Artificial intelligence can calculate body composition (BC) from a routine magnetic resonance imaging scan in less than three minutes and use the information to spot people at elevated cardiometabolic risk, research indicates.
The research, in the Annals of Internal Medicine, suggests it may be possible to opportunistically assess body composition from routine imaging to identify high-risk groups.
It also provides further evidence that cardiometabolic risk depends on not just on whether fat is present but where it is located.
Only visceral adipose tissue (VAT) and skeletal muscle fat were linked with incident diabetes and major adverse cardiovascular events (MACE) in the open-source deep learning (DL) model.
Subcutaneous adipose tissue (SAT), lying just below the skin, showed no such associations.
“These results corroborate evidence that VAT, but not SAT, is a key driver of adiposity-related cardiometabolic risk,” reported Matthias Jung, MD, from the University of Freiburg, and co-workers.
Currently, definitions of obesity rely on body mass index (BMI), but this conflates excess adiposity with muscle mass and does not account for the location of body fat, which is a critical factor in assessing obesity-related cardiometabolic risk.
Jung and team investigated alternatives using information on whole-body MRIs from 33,432 participants in the UK Biobank who did not have a history of diabetes, myocardial infarction, or ischemic stroke. Their mean age was 65.0 years, and 52.8% of the group was female. Mean body mass index was 25.8 kg/m2.
An open-source AI model was used to estimate 3D body composition volumes. These included subcutaneous adipose tissue, visceral adipose tissue, skeletal muscle volume, and skeletal muscle fat fraction percentage.
During a median follow-up of 4.2 years, 1.1% of women and 2.2% of men were diagnosed with incident diabetes and a corresponding 1.0% and 2.3% were diagnosed with MACE, defined as myocardial infarction or ischemic stroke.
After adjusting for age, smoking, and hypertension, the researchers found that increased adiposity and decreased skeletal muscle proportion were associated with higher incidence of diabetes and MACE in both sexes.

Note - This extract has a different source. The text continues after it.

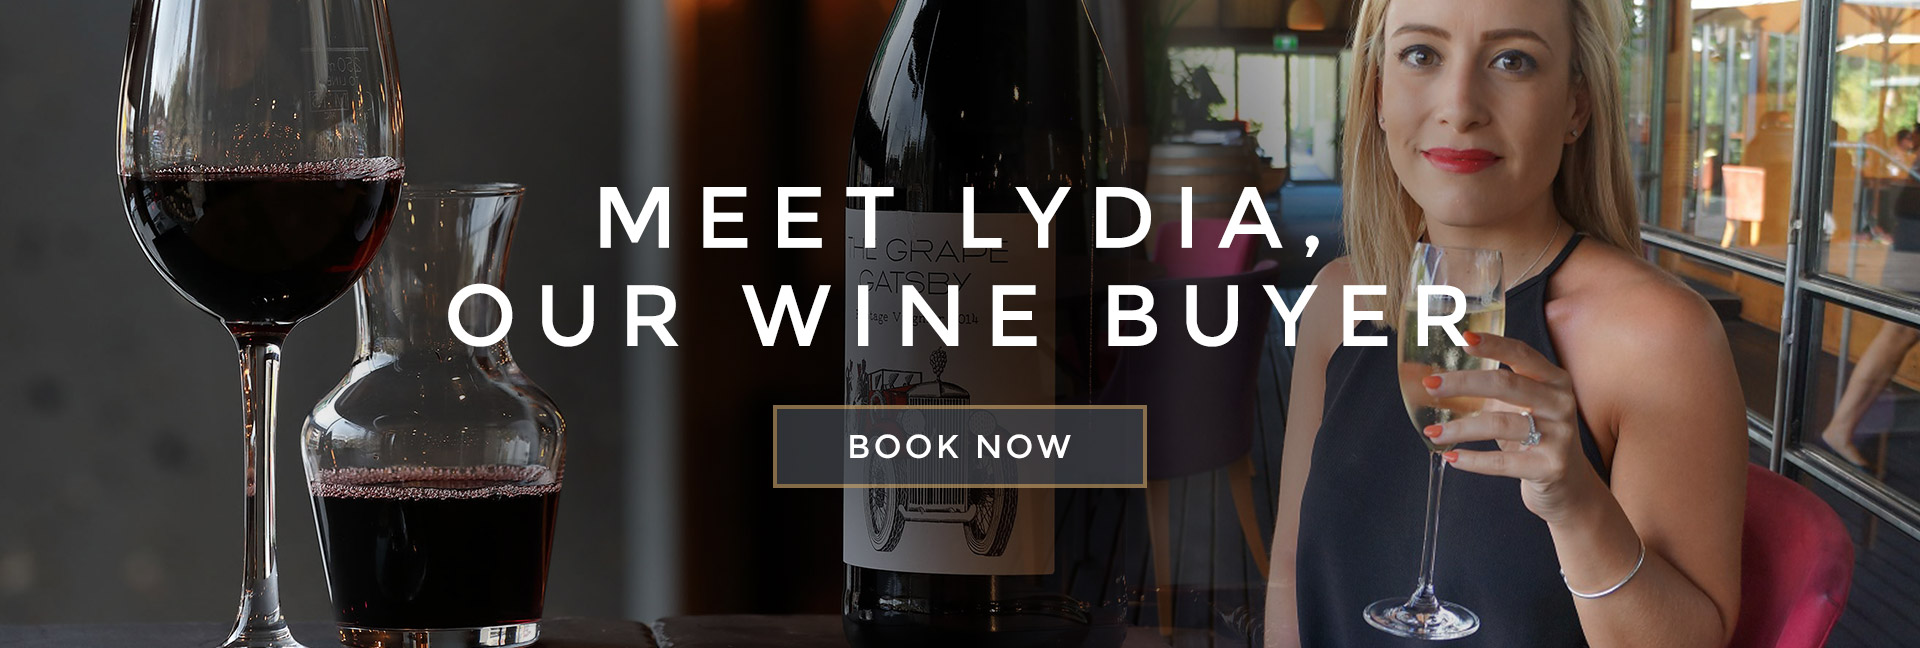 Meet Lydia, our wine buyer at All Bar One Newhall Street Birmingham

After additionally adjusting for BMI and waist circumference, only elevated visceral adipose tissue and high skeletal muscle fat fraction remained associated with an increased risk of diabetes, with adjusted hazard ratios (aHRs) for men in the top 20% of 1.84 in each case.
For women, only the aHR with visceral adipose tissue did not cross one, with a value of 2.16 for diabetes among those in the top fifth percentile.
Elevated skeletal muscle fat fraction was associated with MACE in women, at an aHR of 1.37 for visceral adipose tissue and 1.72 for skeletal muscle fat fraction, but the confidence intervals crossed one in each case for men.
Among men only, those in the bottom 20% of skeletal muscle levels had an increased risk of both diabetes and MACE, with aHRs of 1.96 and 1.55, respectively.
There was a negative associated between relative subcutaneous adipose tissue and the risk of future diabetes in females, such that women in the bottom fifth had an aHR of 1.46 and those in the top fifth had an aHR of 0.71.
“Growing evidence suggests that BC plays a key role not only in cardiometabolic but also oncologic diseases to personalize risk estimation,” the researchers note.
“In addition, BC could also play a crucial role in estimating treatment tolerability and risk for treatment-related toxicity.
“In this context, beyond defining excess adiposity, our DL model and relative BC profiles could be used as a measure of frailty or overall health to improve treatment decisions for accurate, personalized dosing of systemic drug therapies, including chemotherapy and immunotherapy.”